GORDON BROWN, the Chancellor of the Exchequer, yesterday called for a new international standard of best practice to govern banks dealings with hedge funds. He said a new standard would address the "fundamental" problems with the level of transparency and disclosure provided by such funds.

International banking regulators are already drawing up a code of practise to encourage greater transparency and disclosure. But in a statement to parliament on last week's G7 communique on the international financial system, Mr Brown went further than his G7 counterparts.

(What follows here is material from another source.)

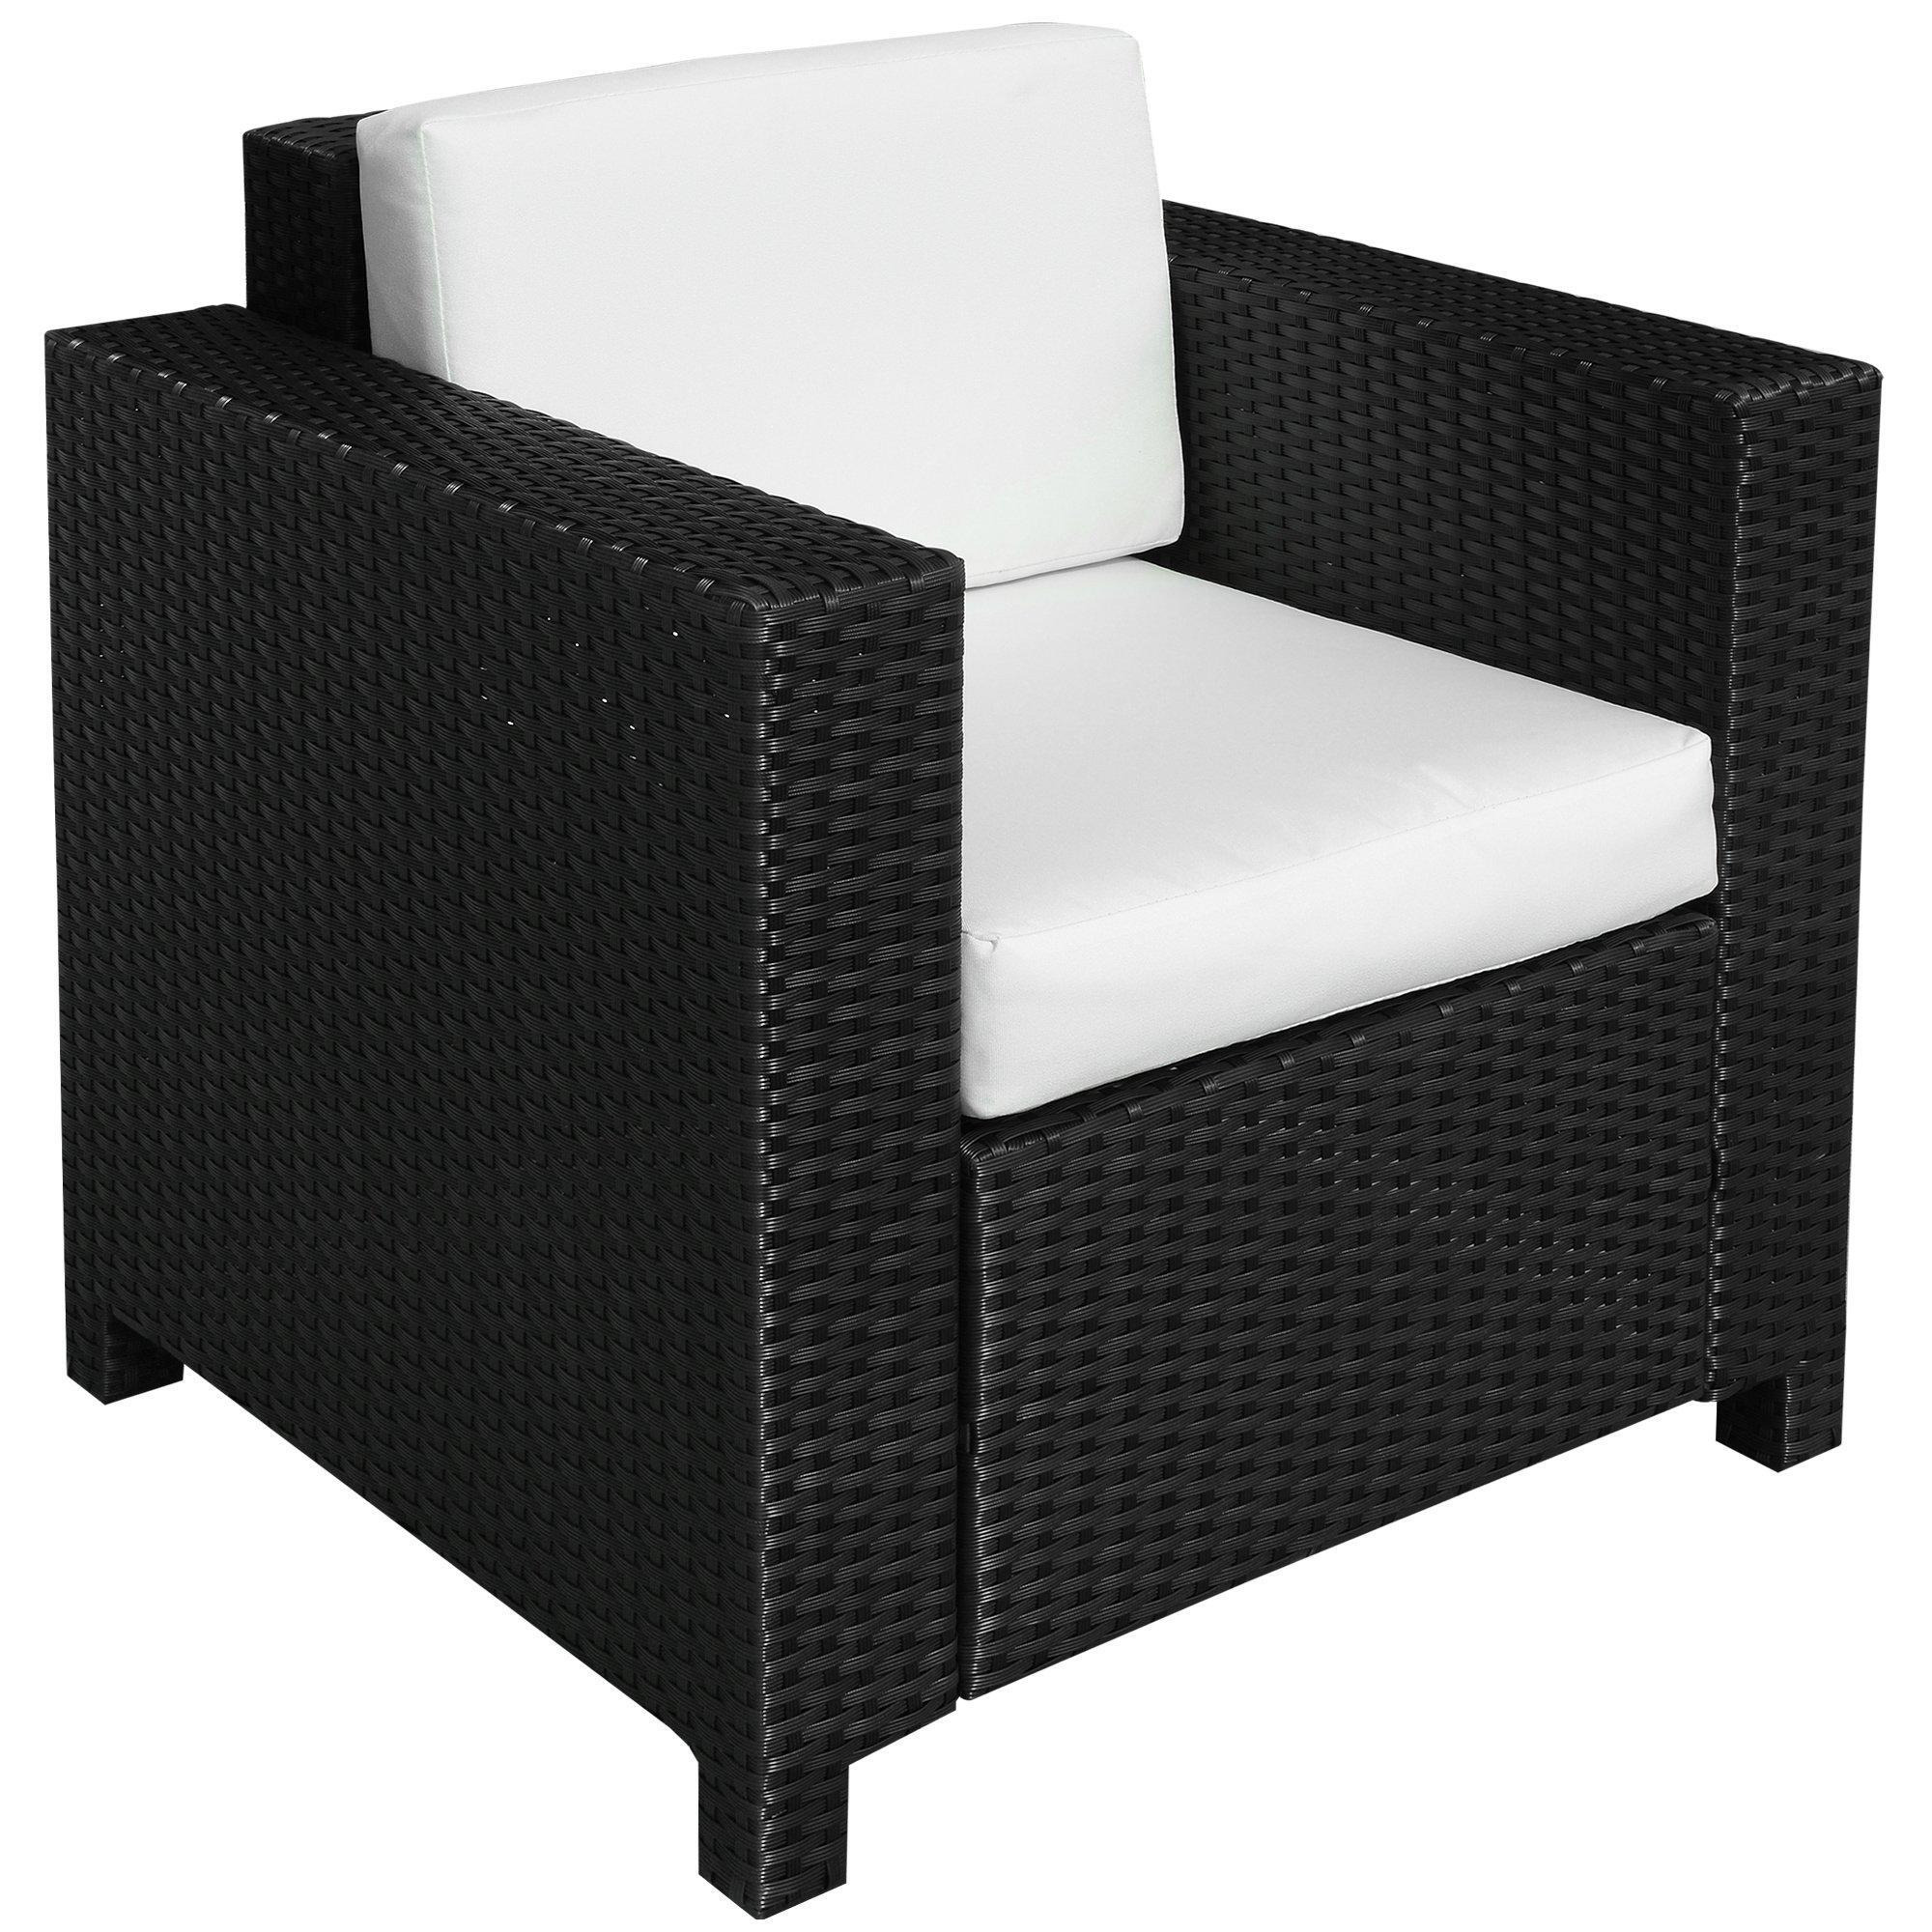 Rattan Garden Furniture Weave Wicker 1 Seater Sofa with Cushion - image 1
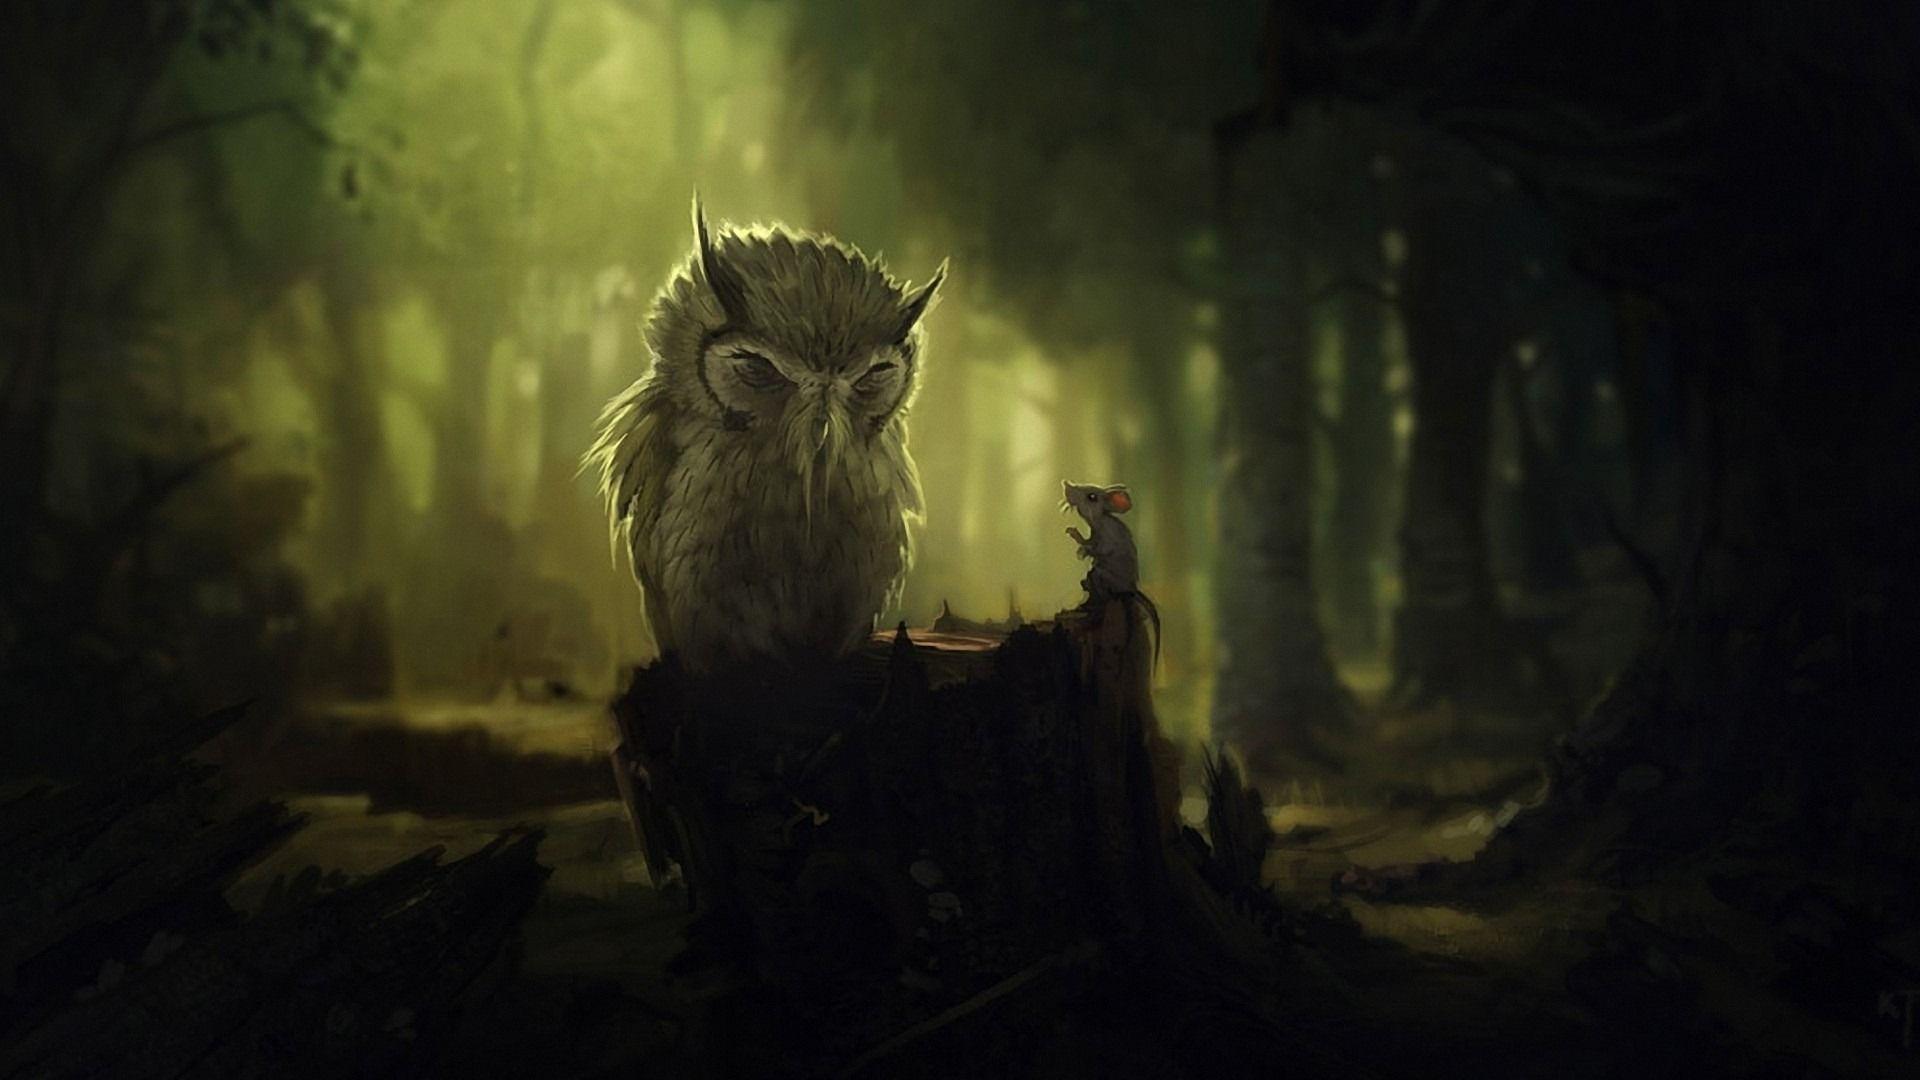 Wallpaper For > Owl Desktop Background

He urged the Basle Committee on Banking Supervision to examine the capital adequacy rules which govern banks' dealings with hedge funds. "An agreed international standard of best practise would act as a benchmark both for financial institutions and their regulators," he said.

"Britain also believes that as part of the review of capital adequacy rules, the Basle committee needs to examine the appropriate treatment of banks' exposure to hedge funds so there is proper recognition of the risks that are involved."

Treasury sources said Mr Brown has already written to the Basle committee asking it to draw up tough rules on transparency and disclosure of hedge funds.

But since many funds are registered in off-shore centres outside regulators' reach, it may be more fruitful to establish new rules on how banks deal with the funds.

The comments follow the near collapse of US hedge fund Long Term Capital Management which caused a meltdown in financial markets.

Mr Brown said that since LTCM was based in the Cayman Islands, a British overseas territory, the G7's plans to encourage offshore centres to comply with internationally agreed standards were particularly pertinent to Britain.

The chancellor's comments follow a call last Friday by Howard Davies, the head of the Financial Services Authority, for banks to be required to set aside larger amounts of capital to cover lending to hedge funds.

The government is due to publish a report later this month which will recommend tighter regulation of business in Jersey, Guernsey and the Isle of Man. But the report is expected to recommend that companies registered in these centres can keep their holding structures secret.